In recent years, in the field of DDD, we have often seen the concept of CQRS architecture. I personally wrote a Enode framework specifically for implementing this architecture. The idea of CQRS architecture itself is actually very simple, that is, read-write separation. is a very well-understood thought. Just like we use the MySQL database master preparation, data write to the master, and then query from the standby to check, the main backup data synchronization by the MySQL database itself, this is a database level of read and write separation. About the CQRS structure of the introduction is actually very much, we can Baidu or Google itself. I would like to summarize today the structure of the traditional architecture (three-tier architecture, DDD Classic four-tier architecture) in the data consistency, scalability, usability, scalability, performance of the similarities and differences, I hope to summarize some of the advantages and disadvantages, for everyone in the architecture selection to provide reference.

Objective

CQRS architecture because it is only a read-write separation of ideas, the implementation of a variety of ways. For example, the data storage is not separated, just the code level read and write separation, is also the embodiment of CQRS, and then the data storage of read and write separation, the C-side responsible for data storage, the Q-side is responsible for data query, Q end of the data through the C-side of the event to synchronize, this is also a CQRS architecture. The CQRS architecture I'm discussing today refers to this implementation. Another important point, C-side we will also introduce the event Sourcing+in memory of the two architectural ideas, I think these two ideas and CQRS architecture can be a perfect combination of CQRS this architecture to play the maximum value.

Data consistency

Traditional architecture, data is generally strong consistency, we usually use database transactions to ensure that all data modification of an operation in a database transaction, so that the strong consistency of data. In distributed scenarios, we also want the strong consistency of data, that is, the use of distributed transactions.
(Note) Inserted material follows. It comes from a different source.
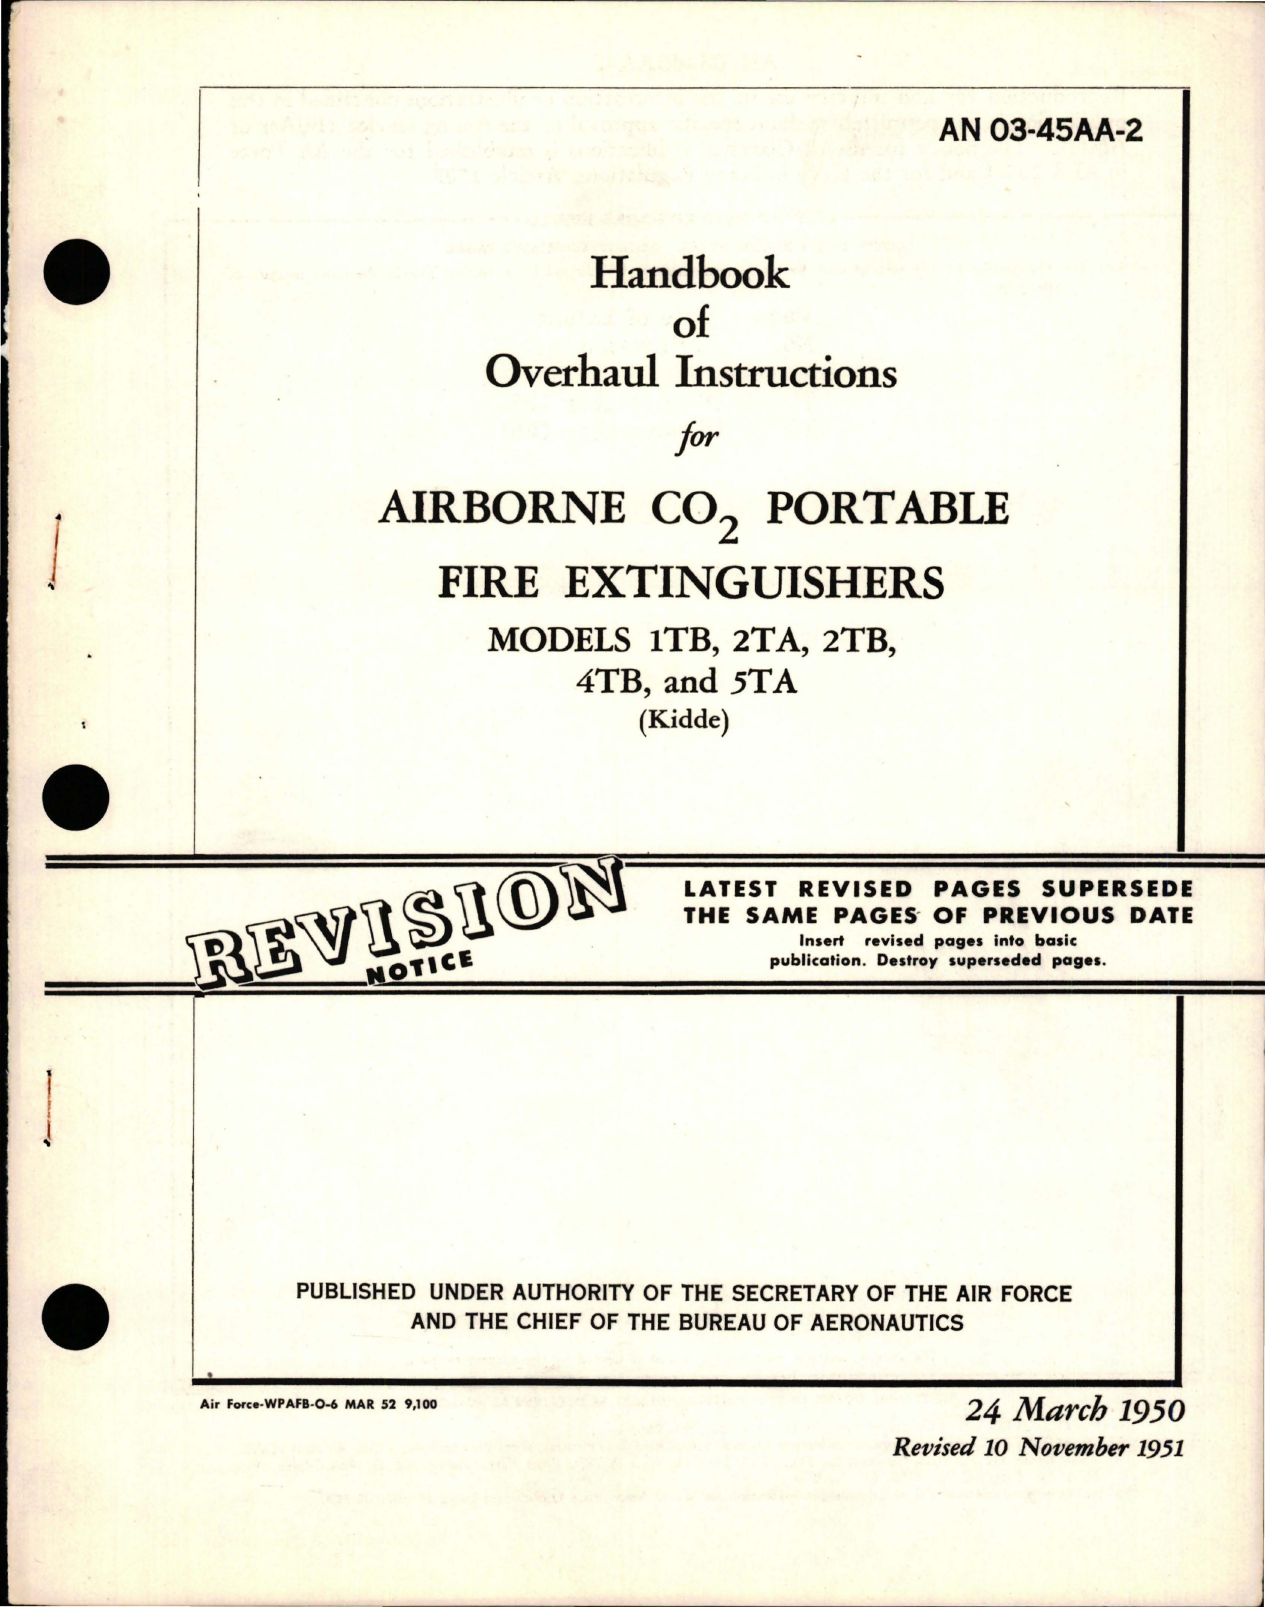 Sample page 1 from AirCorps Library document: Overhaul Instructions for CO2 Portable Fire Extinguishers - Models 1TB, 2TA, 2TB, 4TB, and 5TA

But it is well known that the difficulty and cost of distributed transaction is very high, and the throughput of the system with distributed transaction will be low, and the system availability will be relatively low. So, most of the time, we also give up the strong consistency of the data and adopt the final consistency; from the point of view of the cap theorem, we discard consistency and choose availability.

The CQRS architecture is fully consistent with the concept of eventual consistency. This architecture is based on an important assumption that the data the user sees is always old. For a multi-user operation of the system, this phenomenon is very common. such as the scene of the second kill, when you place a single, perhaps the interface you see the number of items you have, but when you place the order, the system prompts the product sold out. In fact, we just have to think about it, and that's true. Because the data we see in the interface is taken out of the database, once displayed on the interface, it will not change. But it is possible that others have modified the data in the database. This phenomenon is especially common in most systems, especially high-concurrency web systems.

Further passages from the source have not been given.